Marta voltou trazer alegria ao futebol brasileiro em tempos difíceis

O que a camisa 10 da canarinho está fazendo no país é impressionante, resgatou o orgulho no futebol que em um bom tempo havia morrido

Marta voltou trazer alegria ao futebol brasileiro em tempos difíceis
Marta está fazendo para o futebol, o que Ayrton Senna fez pro esporte brasileiro. (Foto: Buda Mendes/GettyImages)

Cerca de 12 anos depois da final olímpica de futebol feminino diante o Estados Unidos em Atenas, na qual recebeu a medalha de prata. O que novamente aconteceu  quatro anos depois. Marta nunca presenciou tanto apoio ao futebol feminino que nesses Jogos Olímpicos Rio 2016.

Foram dois jogos no Engenhão, com bom público, jogando um  futebol envolvente que fez não só os cariocas, como todos os brasileiros sonharem.

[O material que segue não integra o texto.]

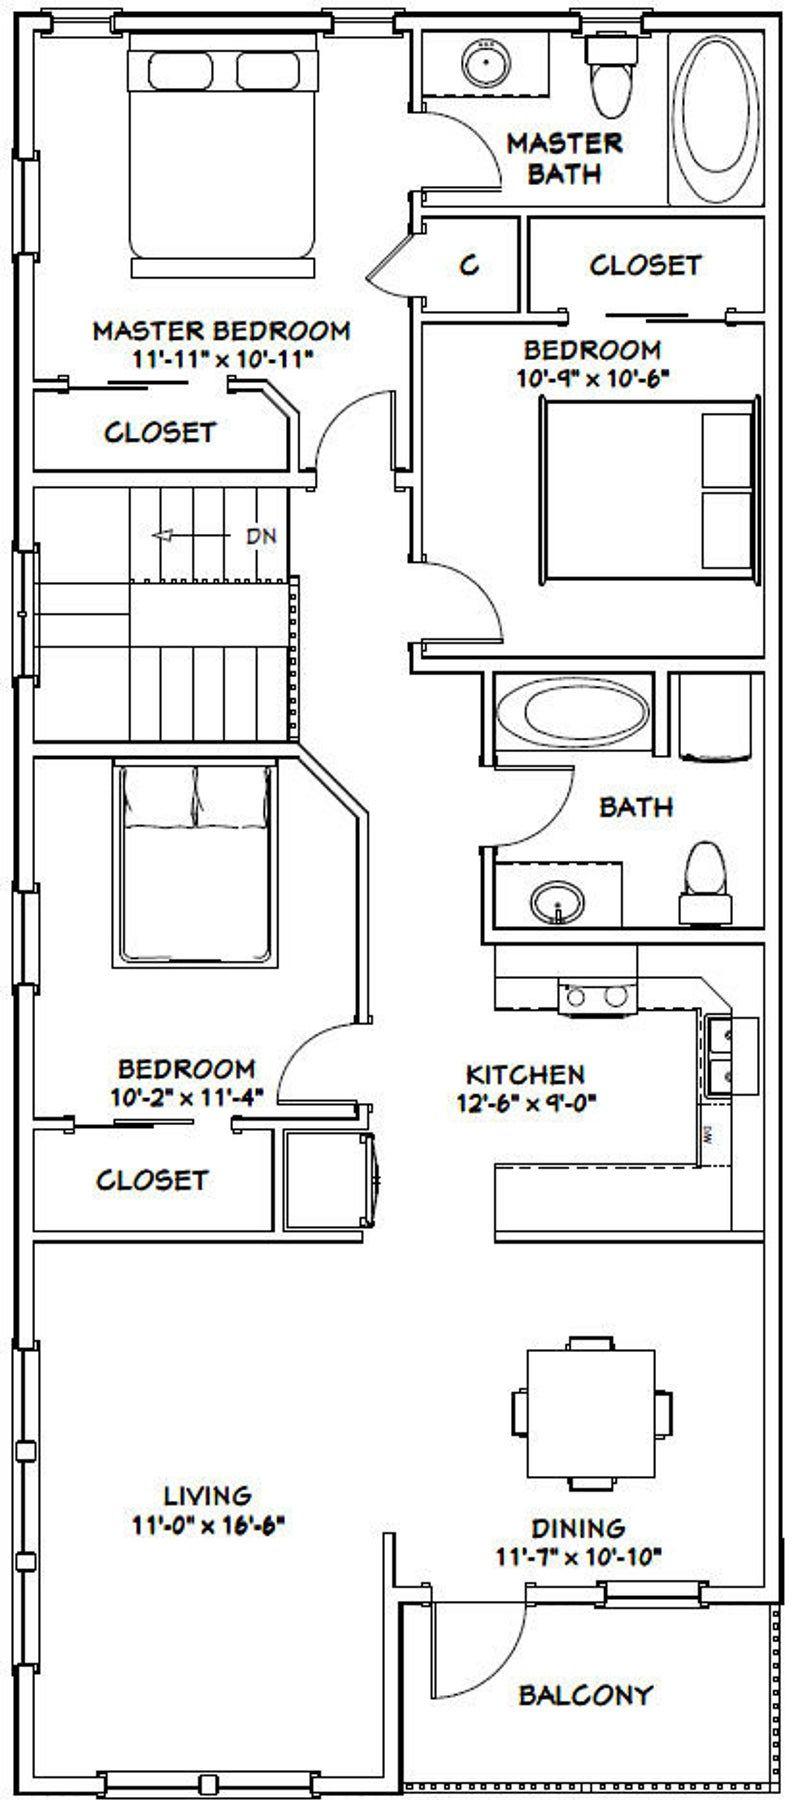 60x50 House 3 Bedroom 2 5 Bath 1703 Sq Ft Pdf Floor Etsy In 2020 Bedroom Floor Plans Floor Plans House Plans
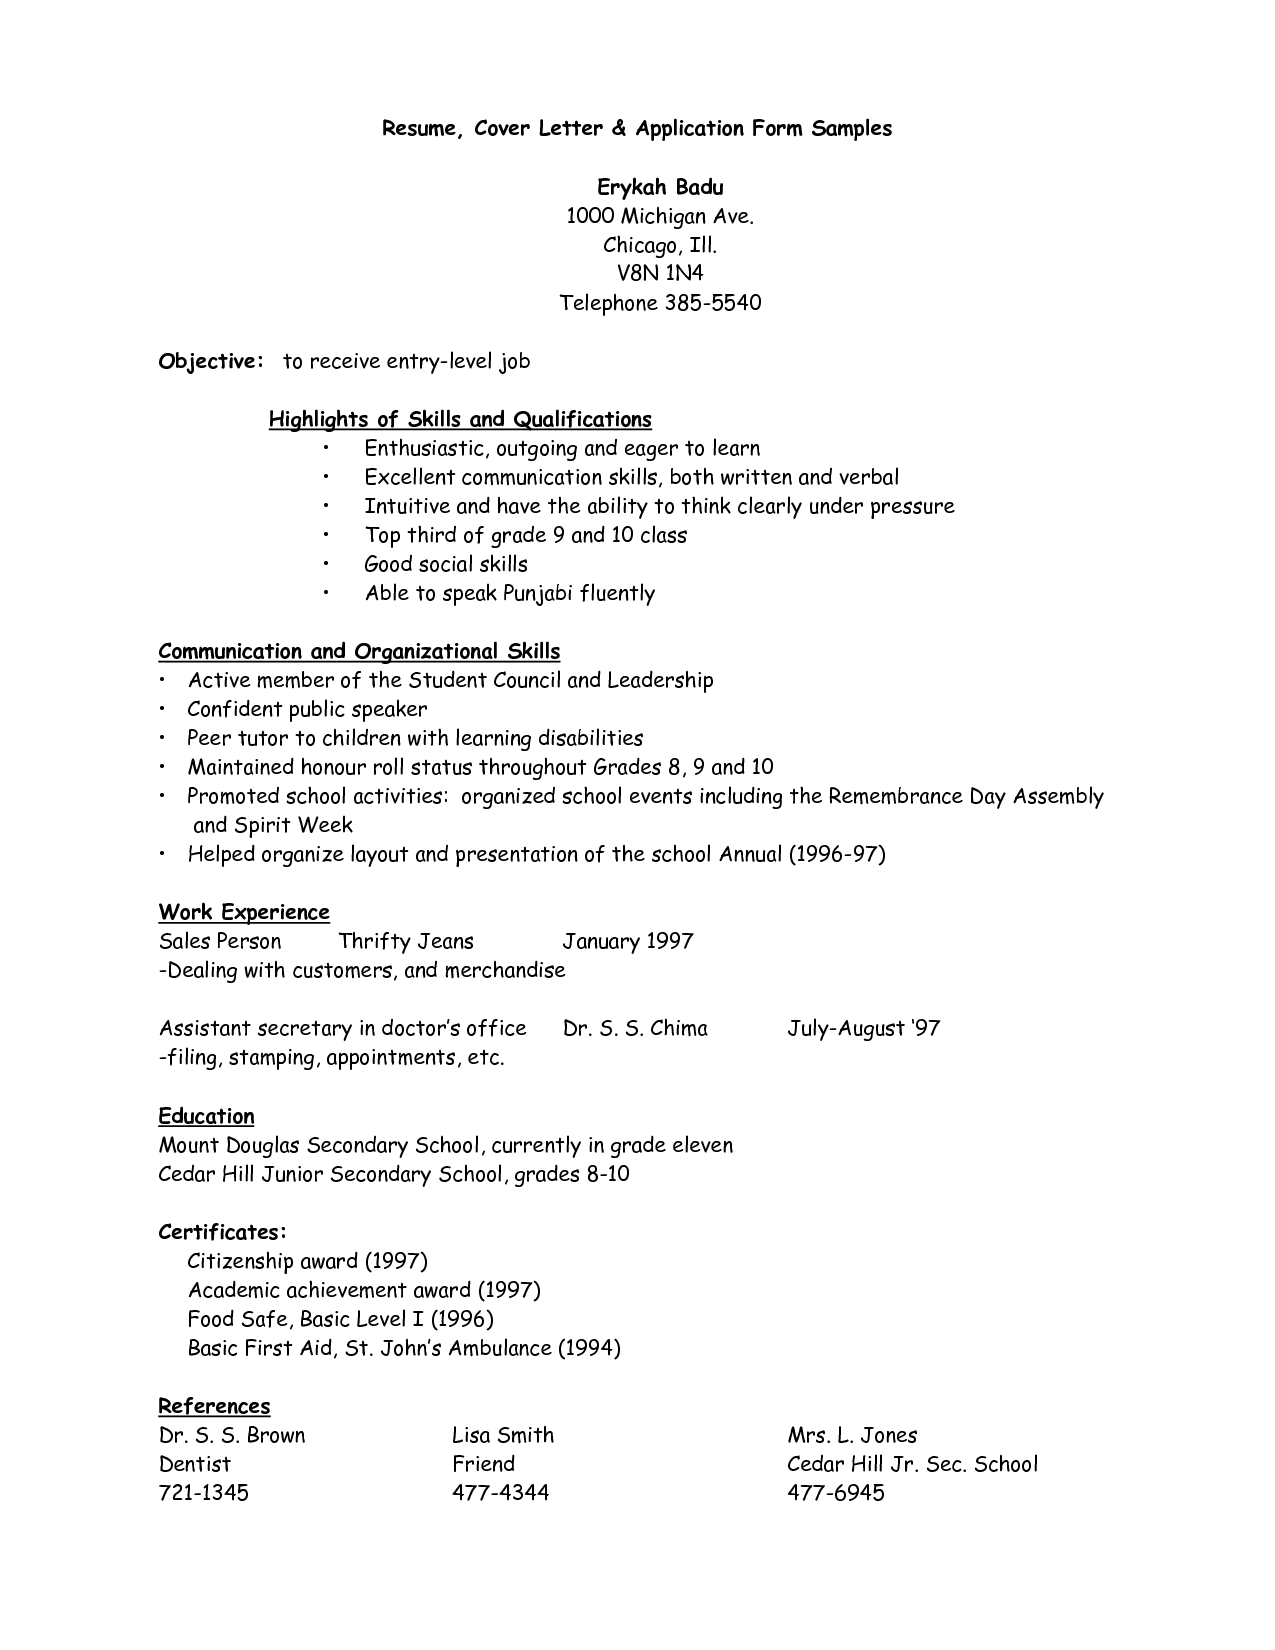 letter for resumes

Divergindo com a situação do masculino, que ouviu em Brasília os gritos de Marta. Pôde-se discutir a intenção desses gritos, todavia é inegável que achamos nela um ídolo que havíamos perdido desde a era Ayrton Senna.

Na noite da última terça-feira (9), a alagoana colocou cerca de 38 mil pessoas no estádio. Apesar de não ter começado entre os titulares, era inegável o carinho dos torcedores e das crianças que lamentável ela não ter começado. Um certo momento da partida a torcida começou a cantar: "Marta cadê você? Eu vim aqui só pra te ver". E aplaudiu a canarinho durante todos os 90 minutos.

Isso me faz lembrar a época em que era criança e comecei a assistir futebol,  na Copa do Mundo de 2006. Esperávamos tanto o Hexa daquela equipe que foi desclassificada nas quartas de finais para a França com um Henry e principalmente Zinedine Zidane, com 36 anos, jogando no alto nível. Infelizmente para mim, os Bleus perderam a final para a Itália. Entretanto, depois daquele dia o futebol fez sentido para a minha vida.

A camisa 10 está fazendo algo similar com o que o Zidane fez pra mim, ou se for nacionalizar, o que o Senna fez pro país. Os brasileiros começaram acompanhar a Fórmula 1 com orgulho, uniu o país que muitas vezes se separa por divergências culturais e políticas.

O que se viu nessas três partidas foram: Mais mulheres nos estádios, crianças felizes em ter um grande ídolo brasileiro (ou uma grande ídolo), e principalmente a volta de um orgulho nacional que se perdeu nos 7 a 1. Alguns desonram comparando com o masculino, outros enaltecem, no entanto essa equipe está colhendo frutos de 12 anos atrás.

O que se verá no Mineirão diante a Austrália na próxima sexta (12), é mais uma vez vários brasucas apoiando, só que não só em Belo Horizonte , e sim no Brasil inteiro. Pode até perder a medalha de ouro, ou qualquer outra. Só que a alto estima recuperada e o grande feito que as meninas comandadas pelo Vadão estão fazendo, isso já está na história!